For broader identity assurance context, practitioners also map these controls to NIST SP 800-63 Digital Identity Guidelines, especially when credential strength and revocation timing must be defensible in audits.

Why It Matters in NHI Security

Credential lifecycle failures turn temporary access into persistent exposure. Once a token, API key, or certificate outlives the task it was issued for, every downstream system that trusts it becomes part of the blast radius. That is why lifecycle discipline is central to NHI governance, not an optional hygiene step.

NHIMG research shows the scale of the problem: 91% of former employee tokens remain active after offboarding, according to The 2025 State of NHIs and Secrets in Cybersecurity from Entro Security. That statistic highlights how often revocation fails when ownership is unclear or automation is missing. The same report also reinforces the need for better lifecycle control across secret duplication, vault onboarding, and overused identities.

Lifecycle mistakes are especially dangerous for AI Agent and service-account access because compromise can happen quickly once a credential leaks. Attackers attempt access within minutes when exposed AWS credentials appear online, which makes delayed rotation a direct business risk. Teams that study the Guide to NHI Rotation Challenges and Ultimate Guide to NHIs — Lifecycle Processes for Managing NHIs can see how expiration, renewal, and revocation must be engineered together.
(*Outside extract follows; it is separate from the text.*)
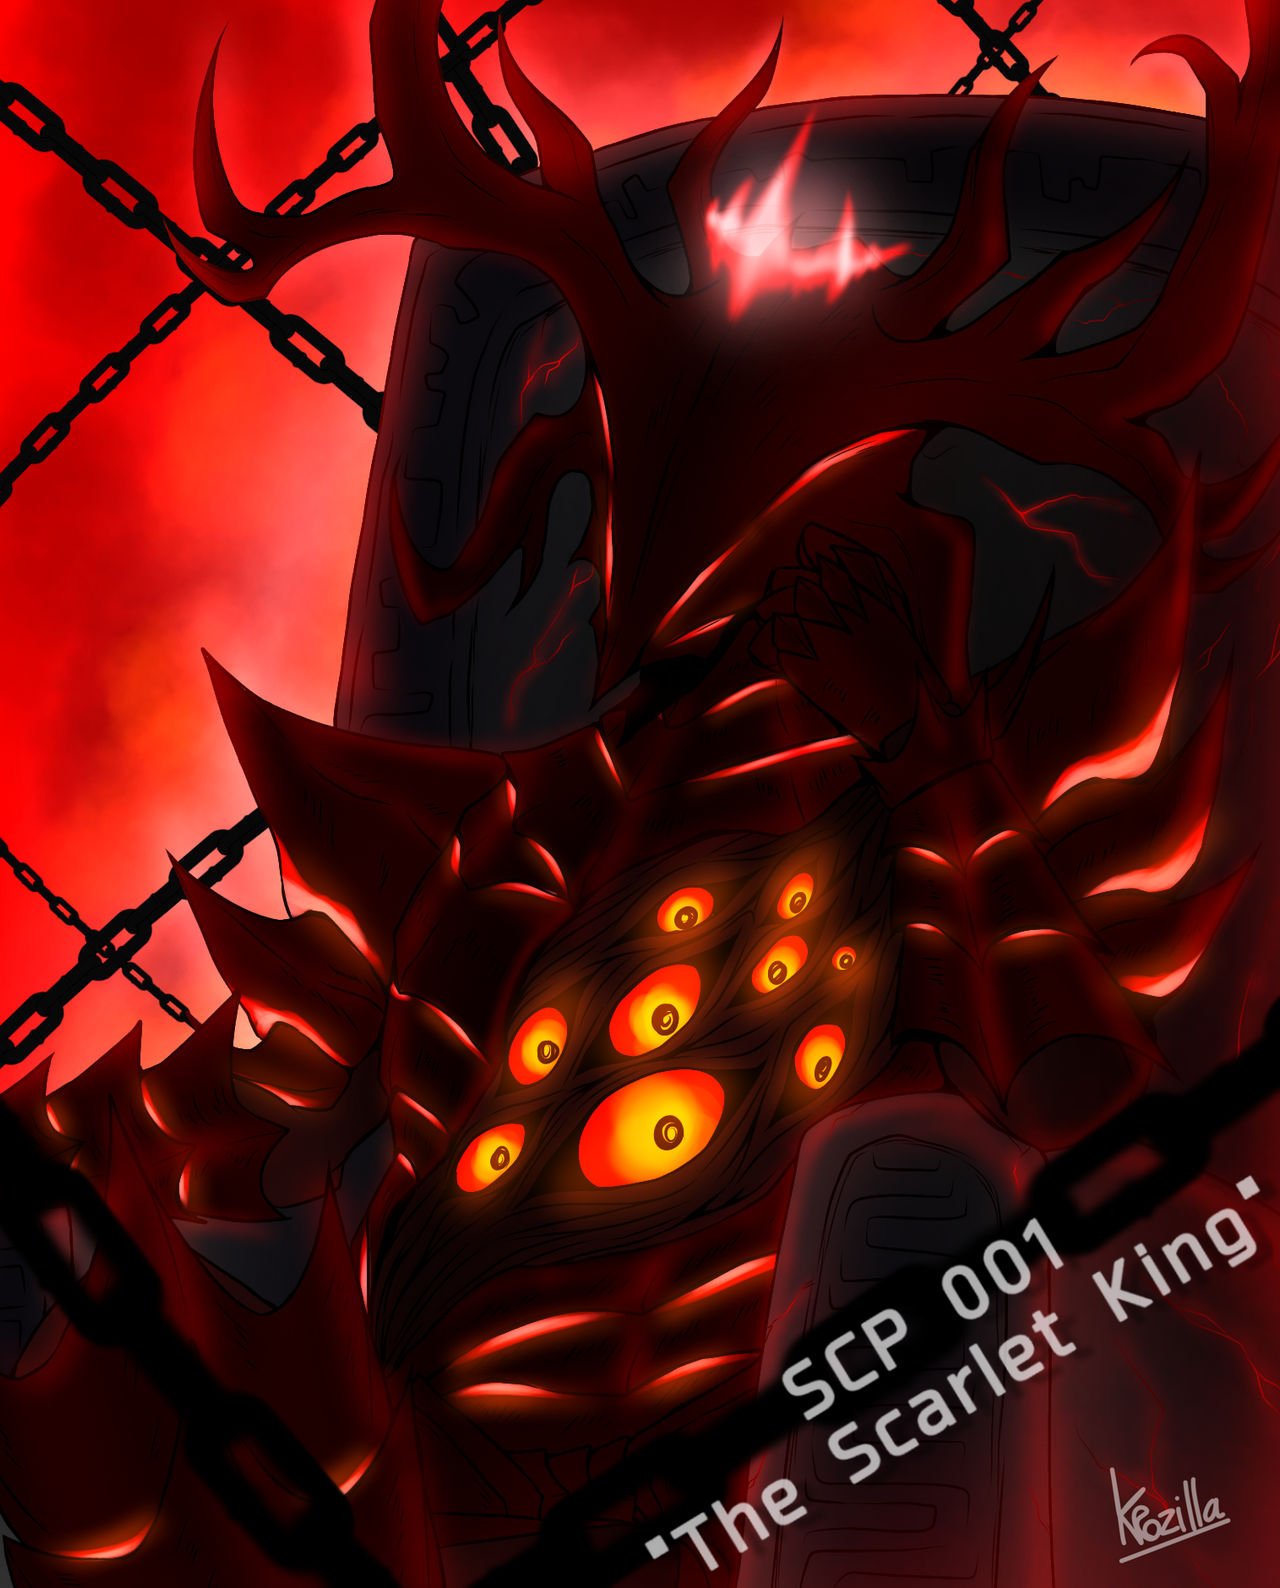 SCP 001 : The Scarlet King by Krozilla on DeviantArt

Organisations typically encounter credential lifecycle urgency only after a token is discovered in a repo or chat thread, at which point revocation becomes operationally unavoidable.
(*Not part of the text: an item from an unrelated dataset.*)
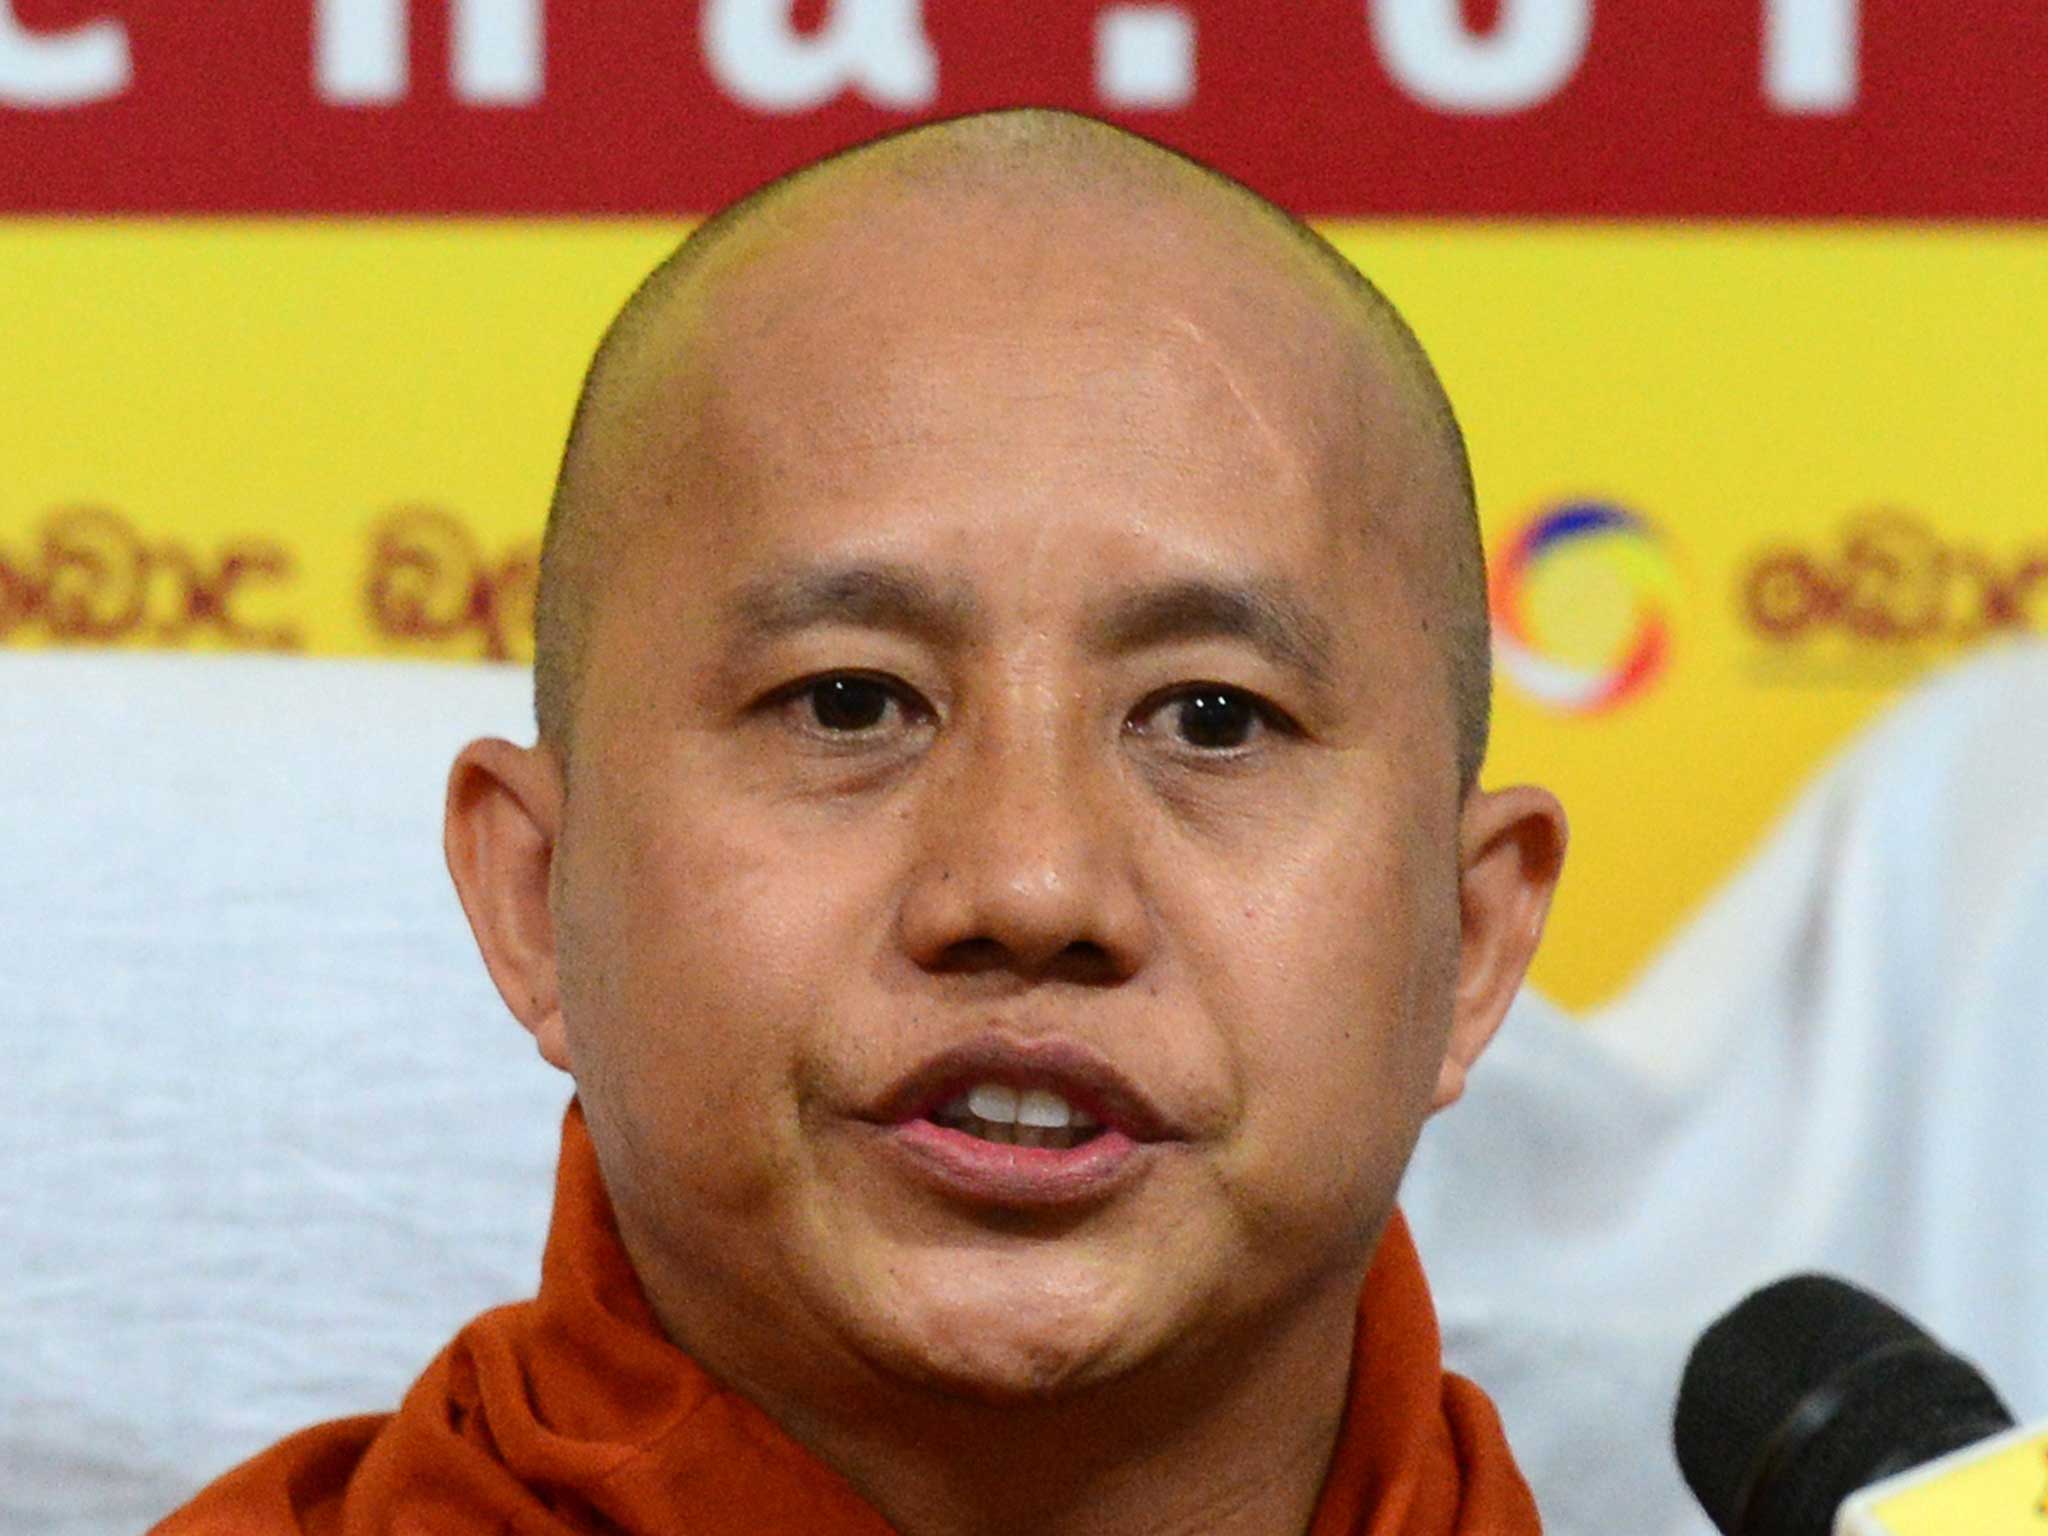 Ashin Wirathu was sentenced to 25 years for inciting anti-Muslim hatred but was released in 2010

Standards & Framework Alignment

This section maps relevant standards and security frameworks to the operational risks and controls described in this guidance.

OWASP Non-Human Identity Top 10 address the attack and risk surface, while NIST SP 800-63 and NIST CSF 2.0 set the governance and control requirements practitioners need to meet.

Framework Control / Reference Relevance
OWASP Non-Human Identity Top 10 NHI-02 Addresses improper secret handling, rotation, and revocation for NHIs.
NIST SP 800-63 AAL2 Sets assurance expectations that inform credential strength and lifecycle handling.
NIST CSF 2.0 PR.AC-4 Least-privilege access control depends on timely credential expiration and removal.

Align NHI credential issuance and replacement with required assurance and revocation practices.